** Data segment follows **
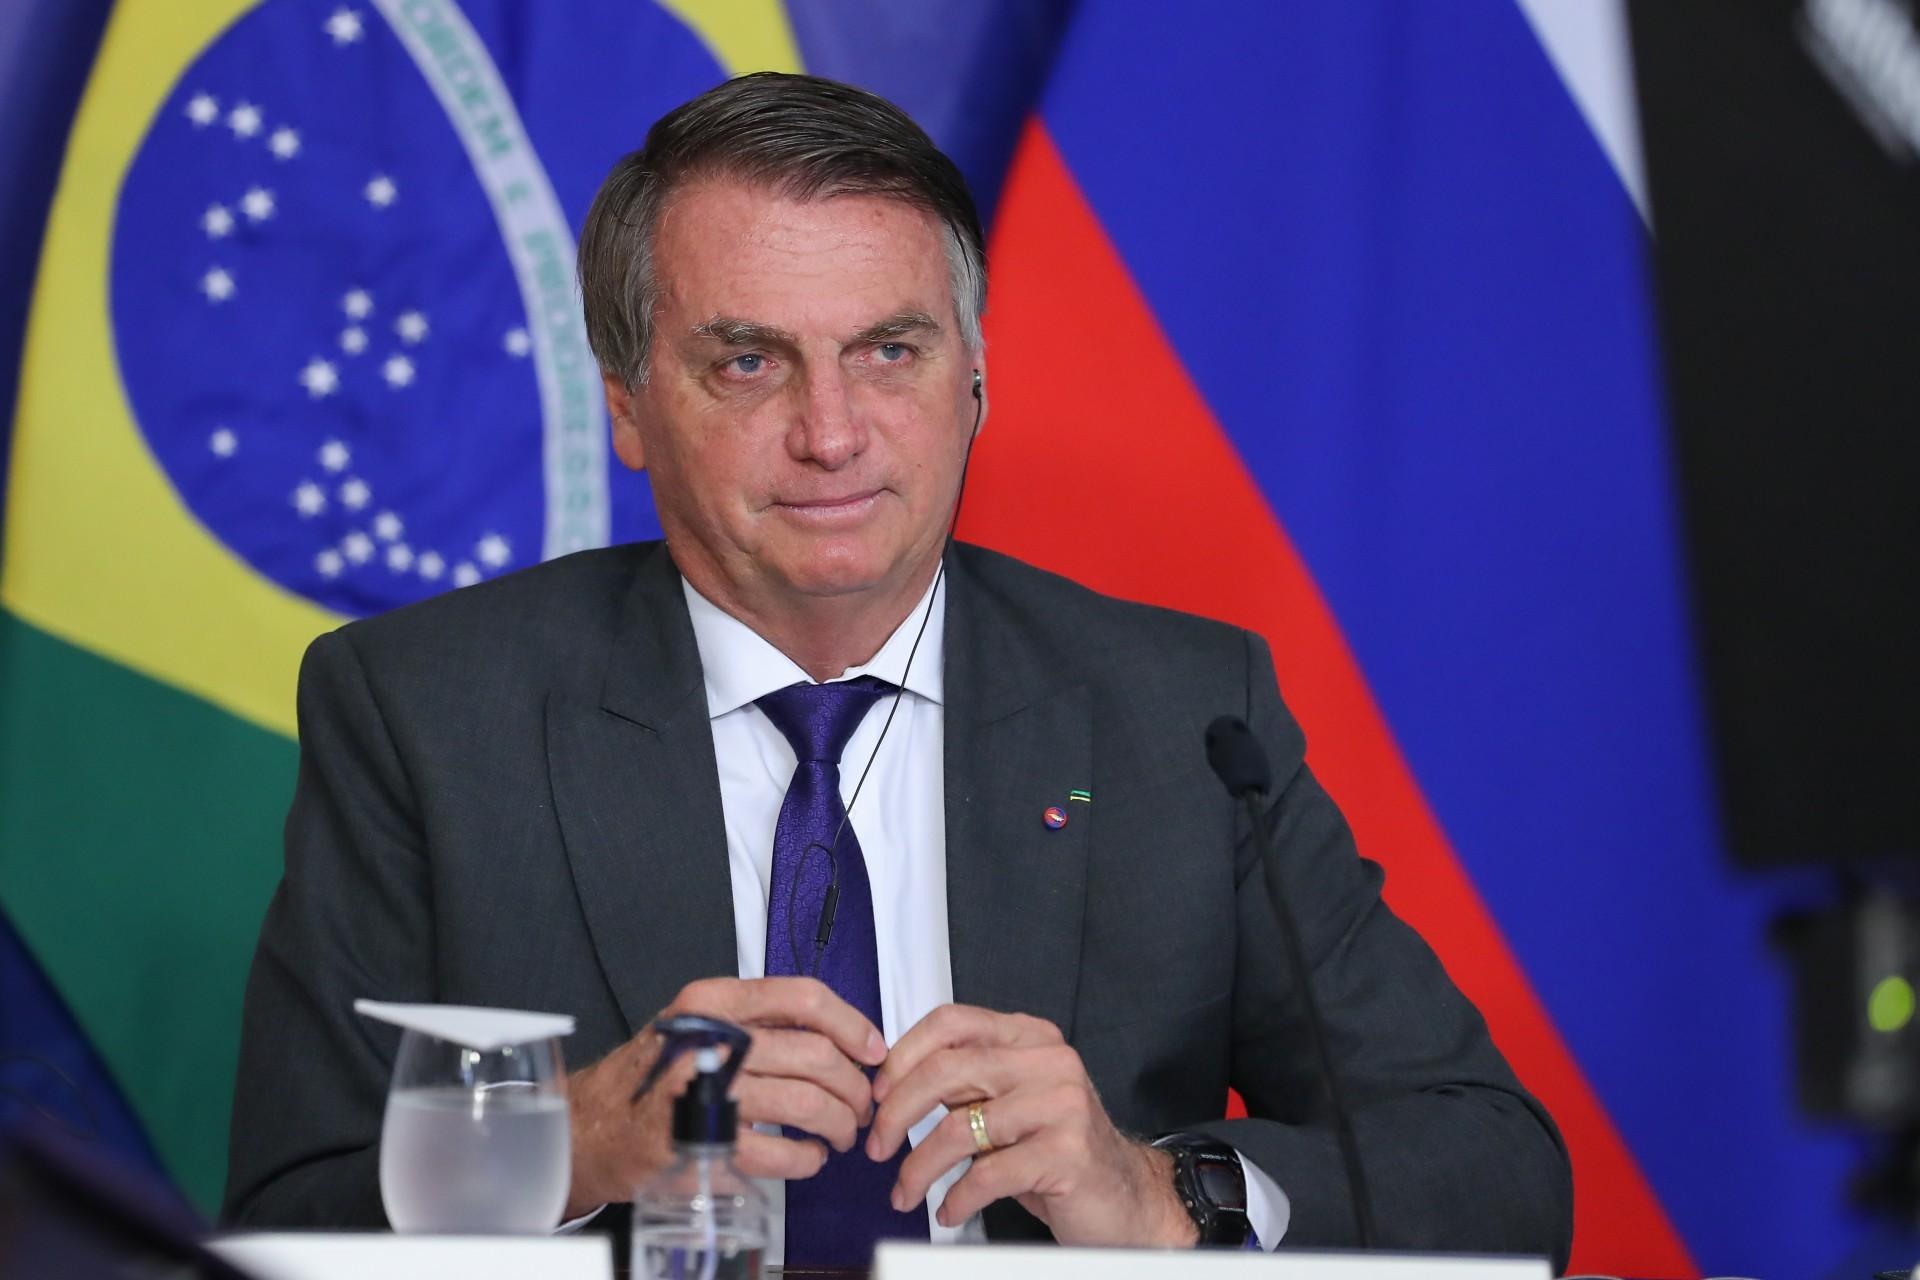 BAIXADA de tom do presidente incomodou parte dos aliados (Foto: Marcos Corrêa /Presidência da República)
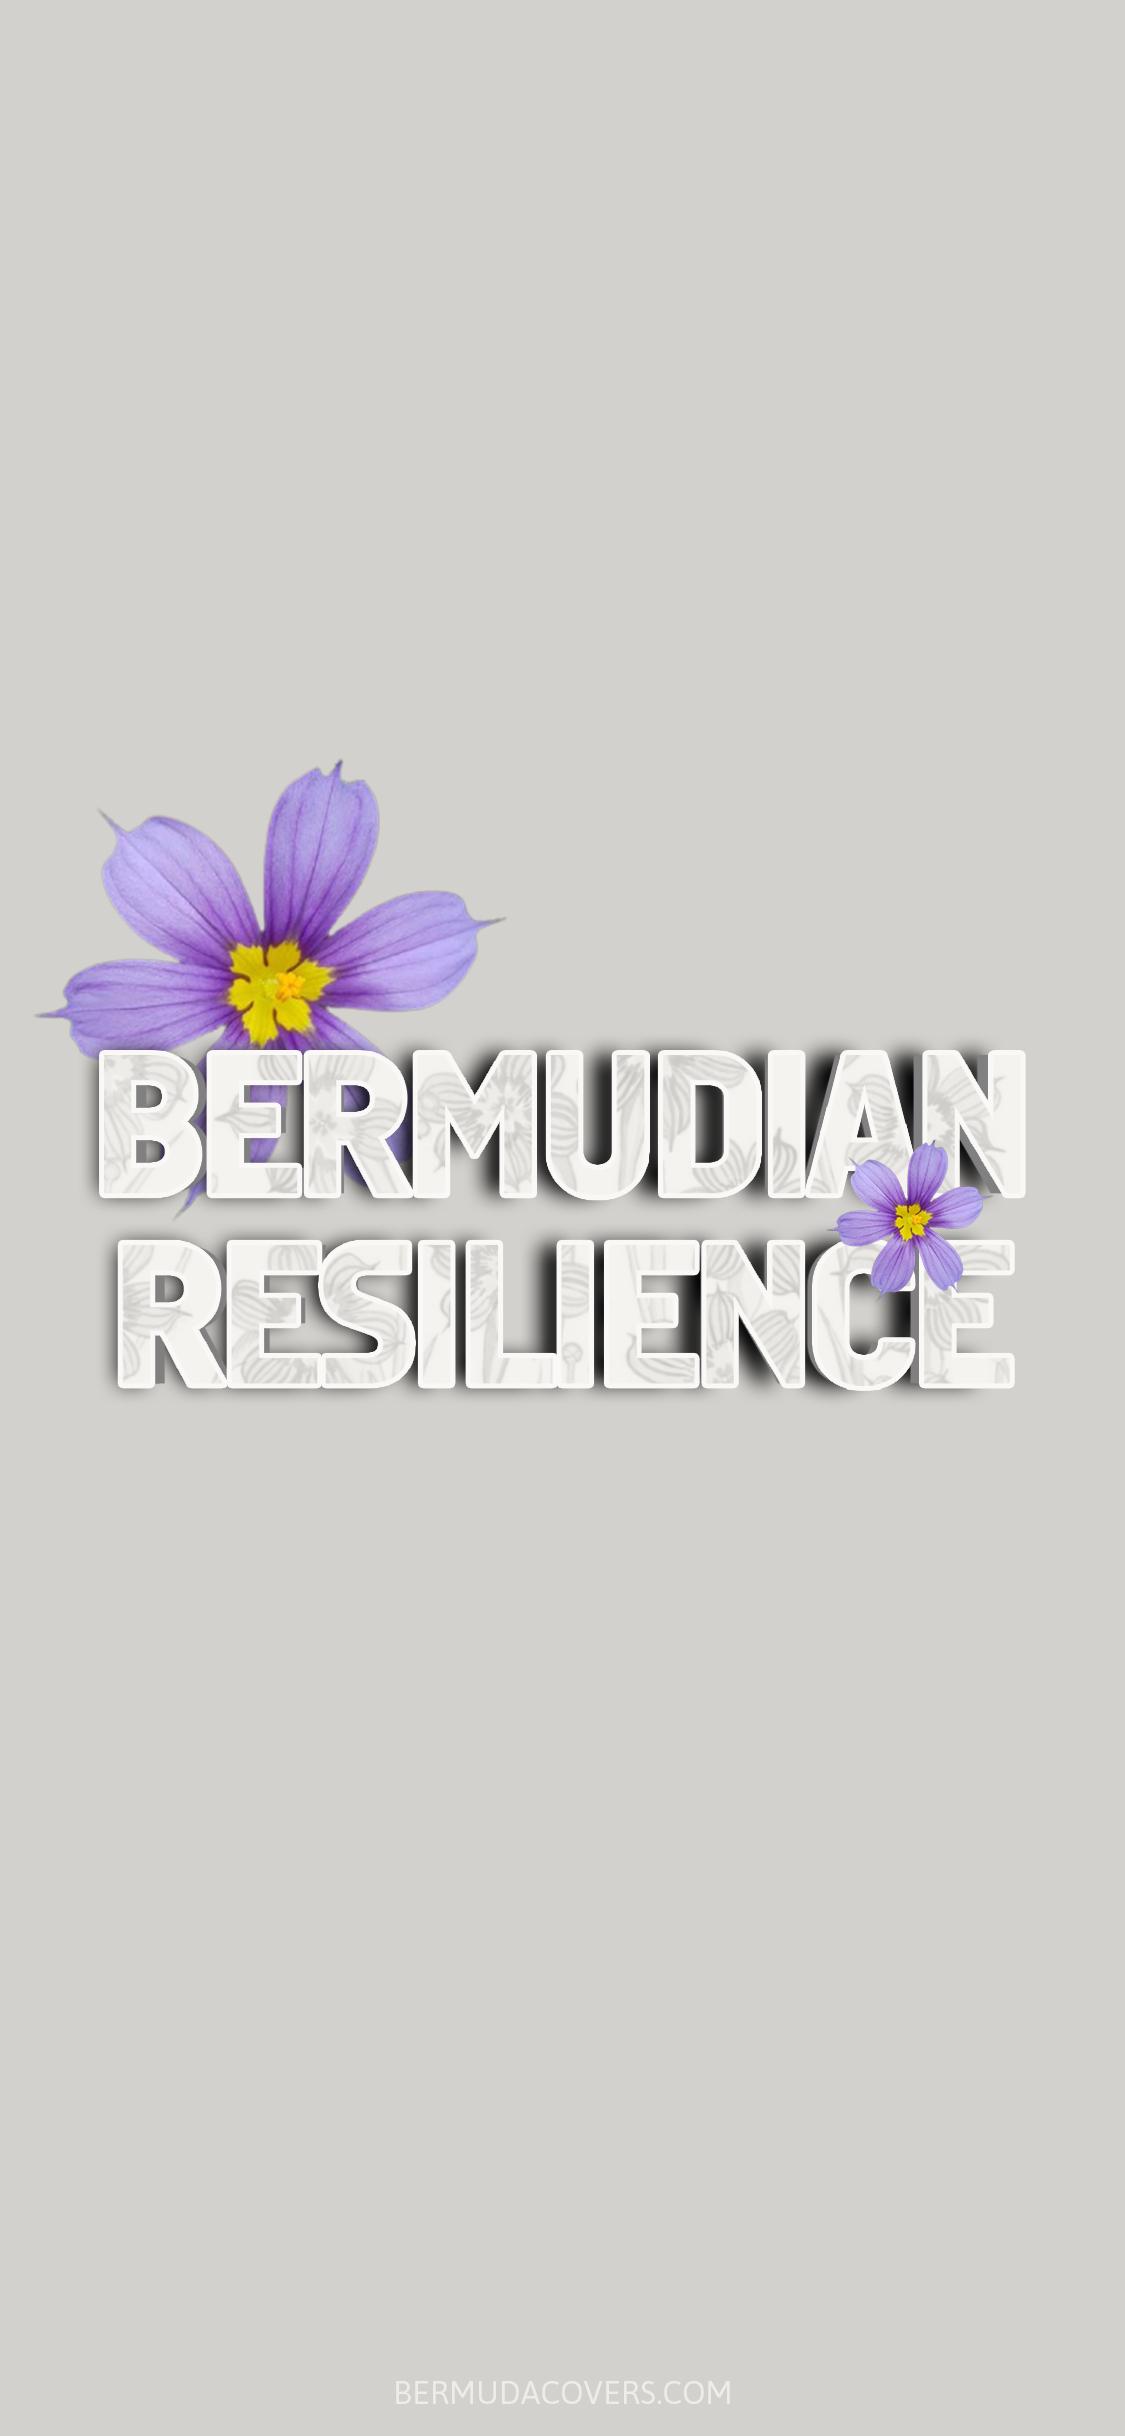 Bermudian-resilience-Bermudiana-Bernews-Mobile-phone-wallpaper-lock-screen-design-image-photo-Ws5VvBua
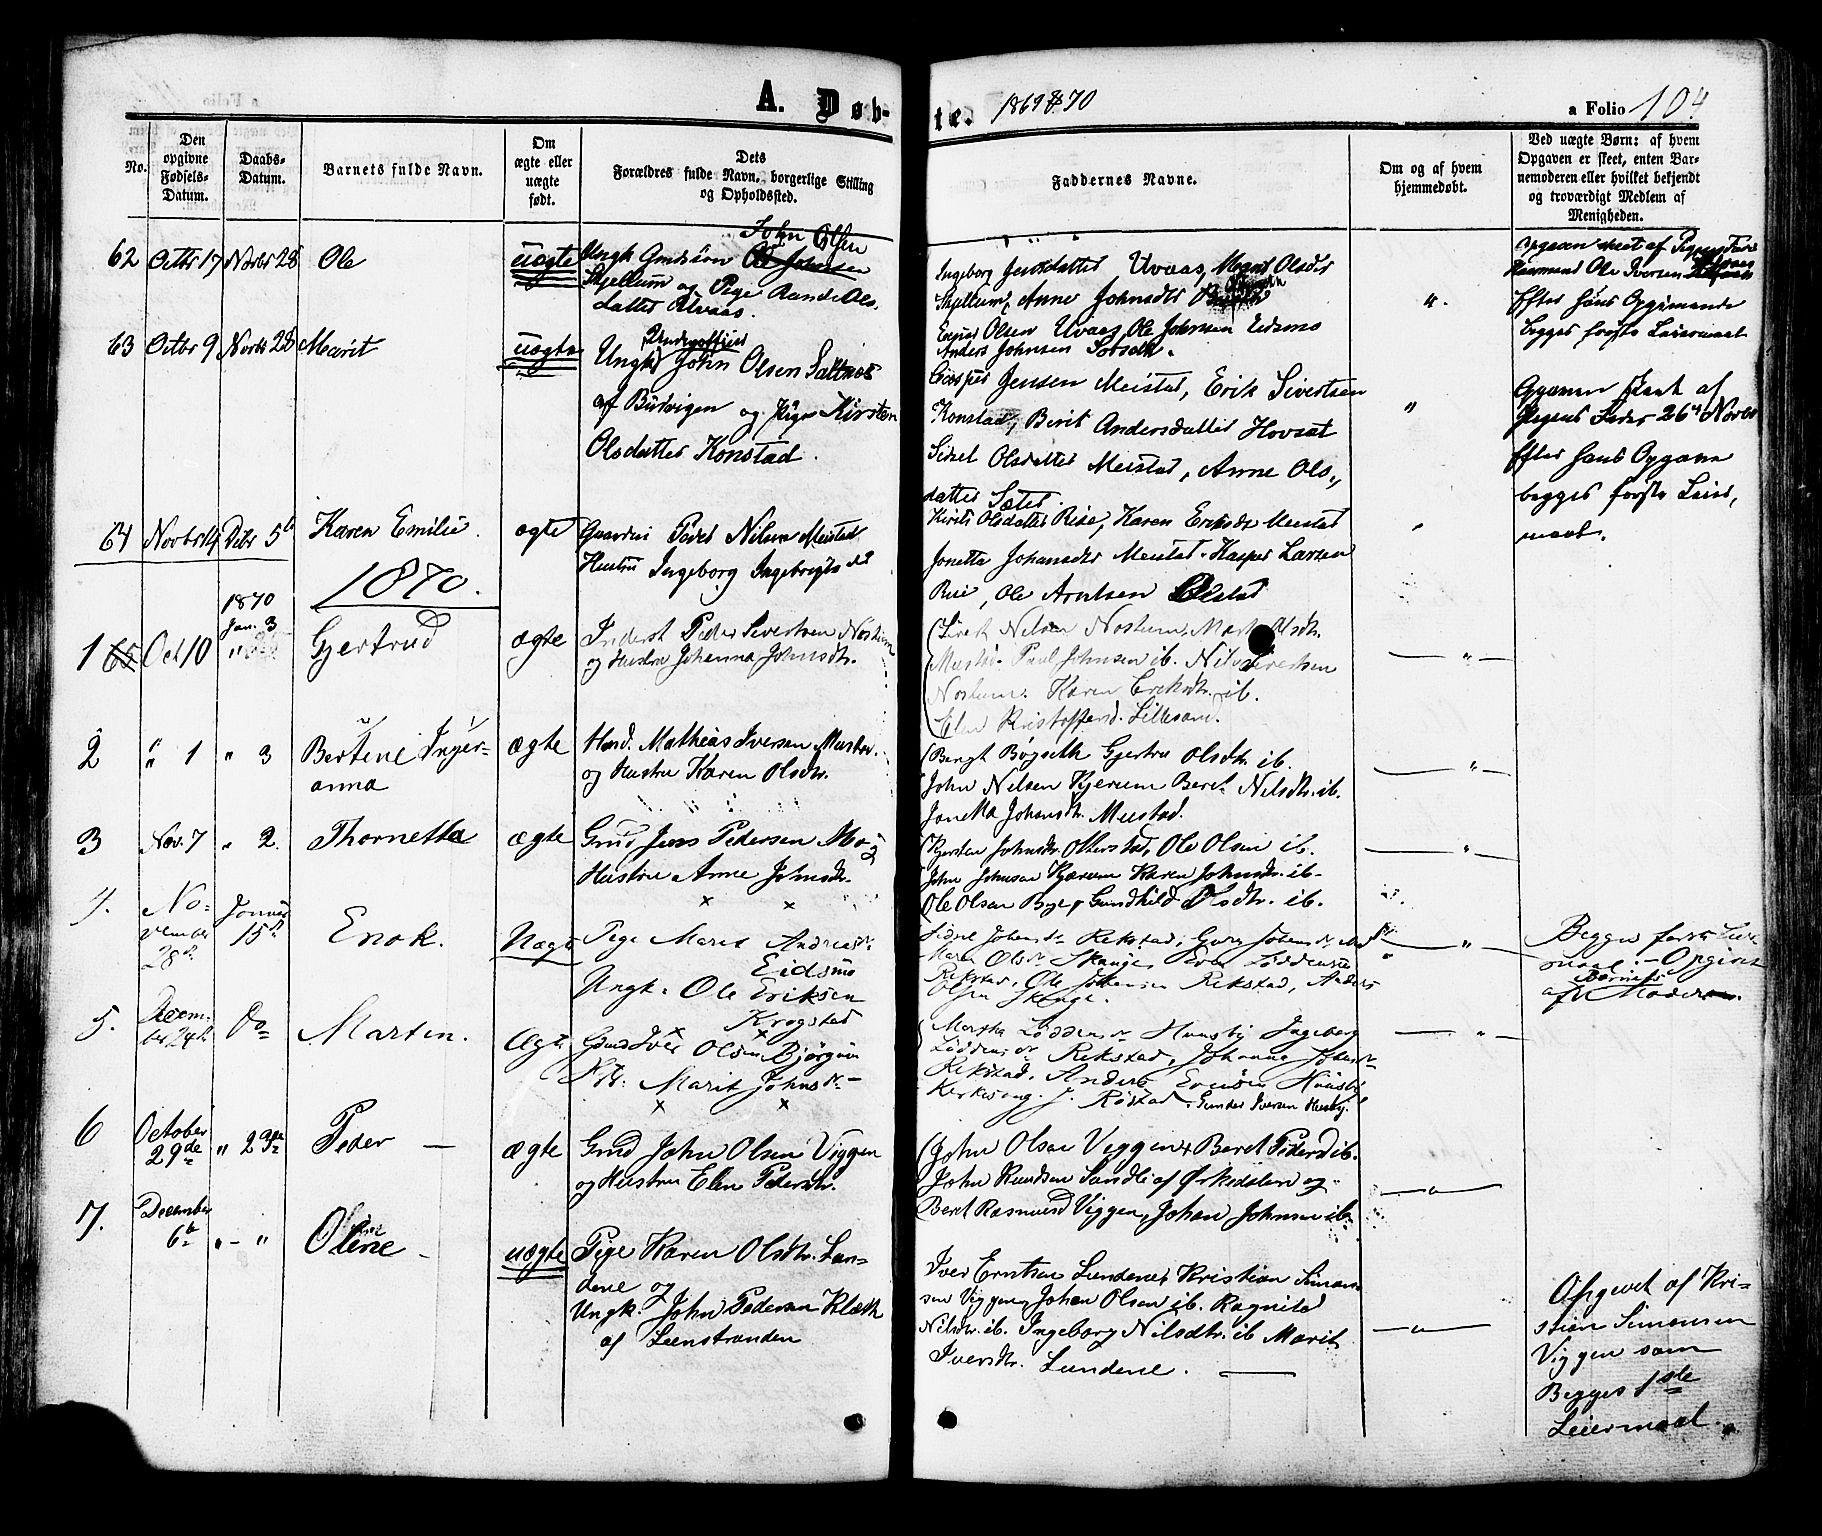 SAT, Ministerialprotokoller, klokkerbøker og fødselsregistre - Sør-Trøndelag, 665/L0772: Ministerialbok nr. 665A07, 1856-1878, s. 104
** End of Data segment **
Task: When you copy the data above, keep each line exact and omit the pictures.

Answer to this task:
 BAIXADA de tom do presidente incomodou parte dos aliados (Foto: Marcos Corrêa /Presidência da República)
 Bermudian-resilience-Bermudiana-Bernews-Mobile-phone-wallpaper-lock-screen-design-image-photo-Ws5VvBua
 SAT, Ministerialprotokoller, klokkerbøker og fødselsregistre - Sør-Trøndelag, 665/L0772: Ministerialbok nr. 665A07, 1856-1878, s. 104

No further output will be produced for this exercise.